From an Italian immigrant family, Army Cpt. Bart Passanante found himself “aimed in the opposite direction” of his parents’ passage earlier in the century, bound as a military doctor to the war theaters of Africa, Italy, and eventually France and Germany. Armed with a trove of letters—more than 1,365 pages—from Bart to her mother, Bertie, written “almost daily in an attempt to span the jagged cleft the war had sliced into their marriage,” the latter-day Passanante explores her father’s recollection of events and retraces his steps on some parts of the journey (“When I first read Bart’s description of his days in the boxcar to Algeria, I had no doubts that I, too, wanted to travel there”). The author takes clear pleasure in her father’s mastery of English, overcoming the linguistic gulf by which immigrants are easily sorted into the category of “Other,” and she has a good eye for the telling detail and for when to quote directly and when to paraphrase. Her father tends to understatement, but sometimes he lets slip just how dangerous his situation is, as when he is preparing to board the landing craft for the invasion of France on D-Day: “Somehow, I’ve become fatalistic about the whole thing,” he writes. “I’m not as scared as I thought I was going to be.” Though the daughter’s commentary is less immediate, there are some fine moments, too, such as her meeting a Frenchwoman who, wounded in crossfire, may have been treated by Dr.
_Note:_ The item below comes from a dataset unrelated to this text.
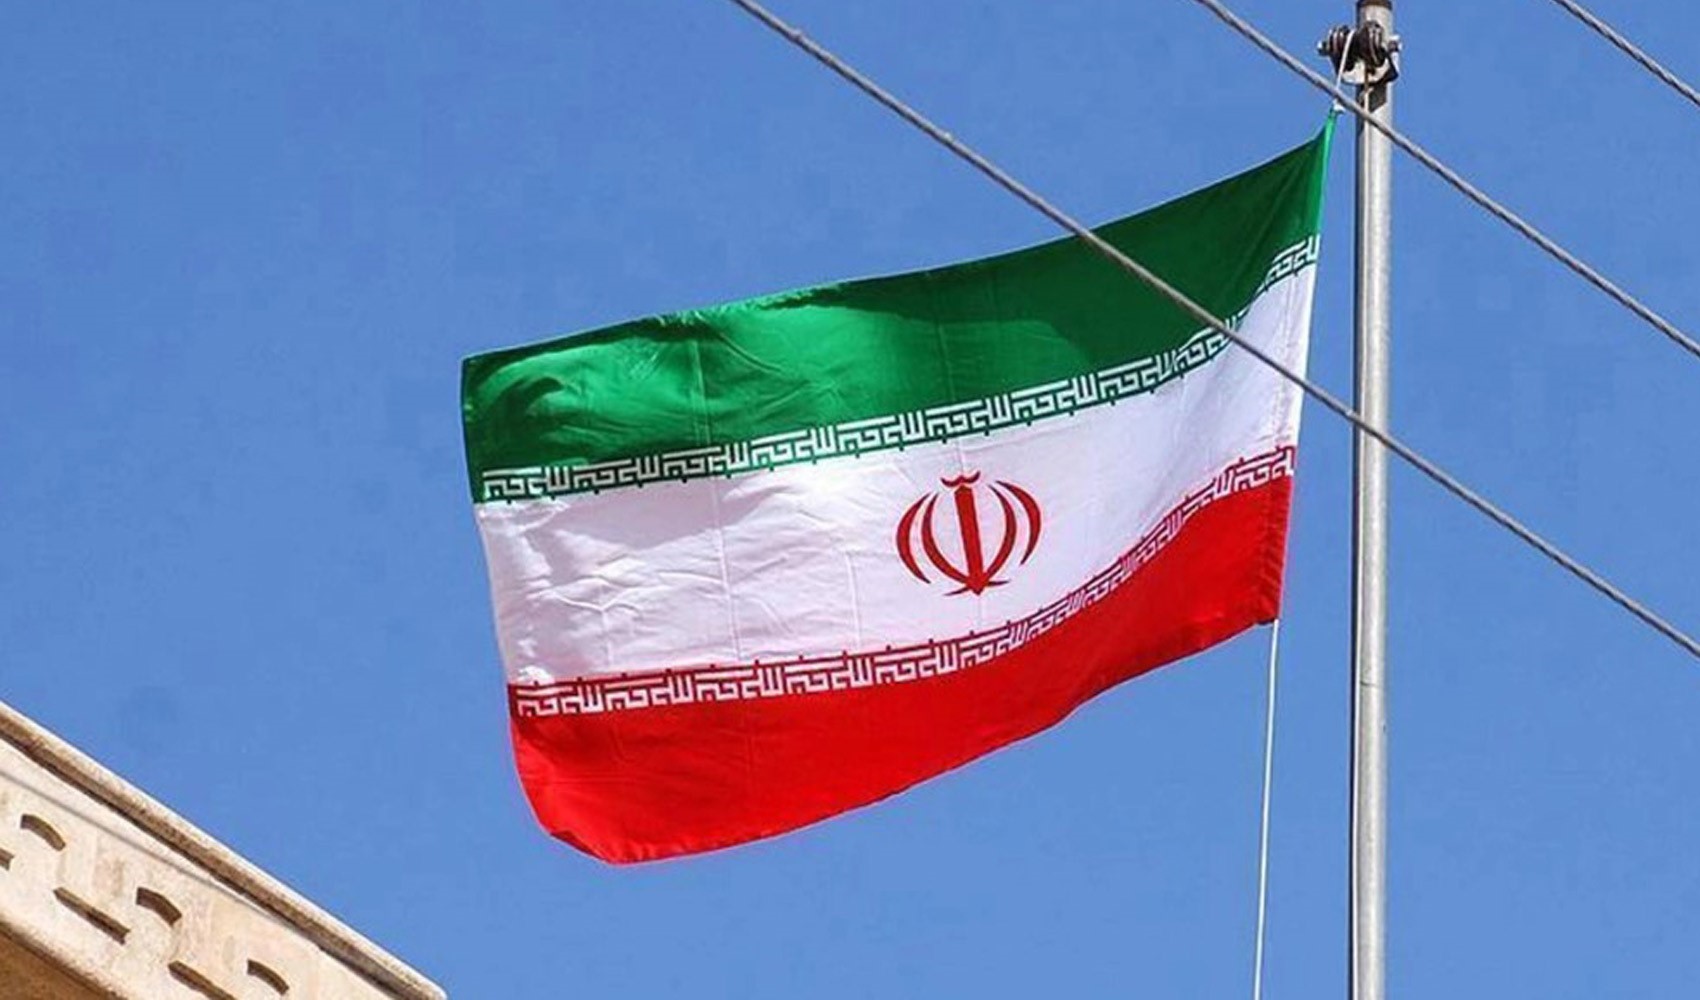 İran, İsrail'e karşı muhtemel saldırıyı 'meşru müdafaa' olarak gördü: 'Savunma zorunluluktur'
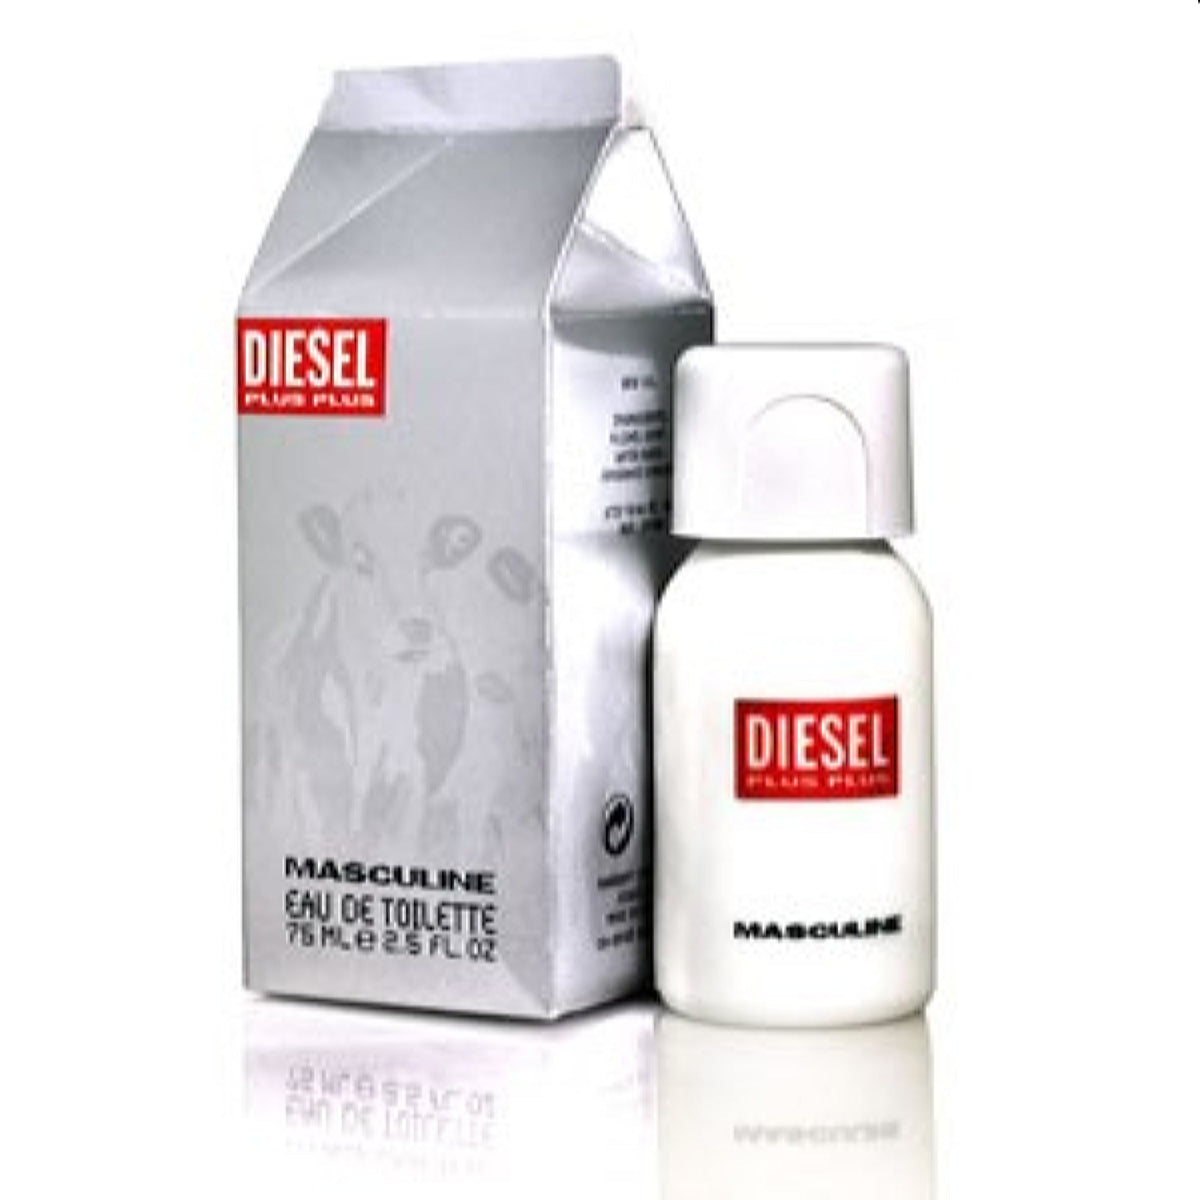 Diesel Plus Plus Diesel Edt Spray 2.5 Oz For Men 29100

Passanante decades earlier. As she writes after their tender encounter, “in the way that I missed my father in the months before he died…when his mind had already been spirited away by Alzheimer’s disease, I missed her already.”

Well written, though without the broader appeal of, say, Rick Atkinson or Richard Overy; a minor but interesting take on a major conflict.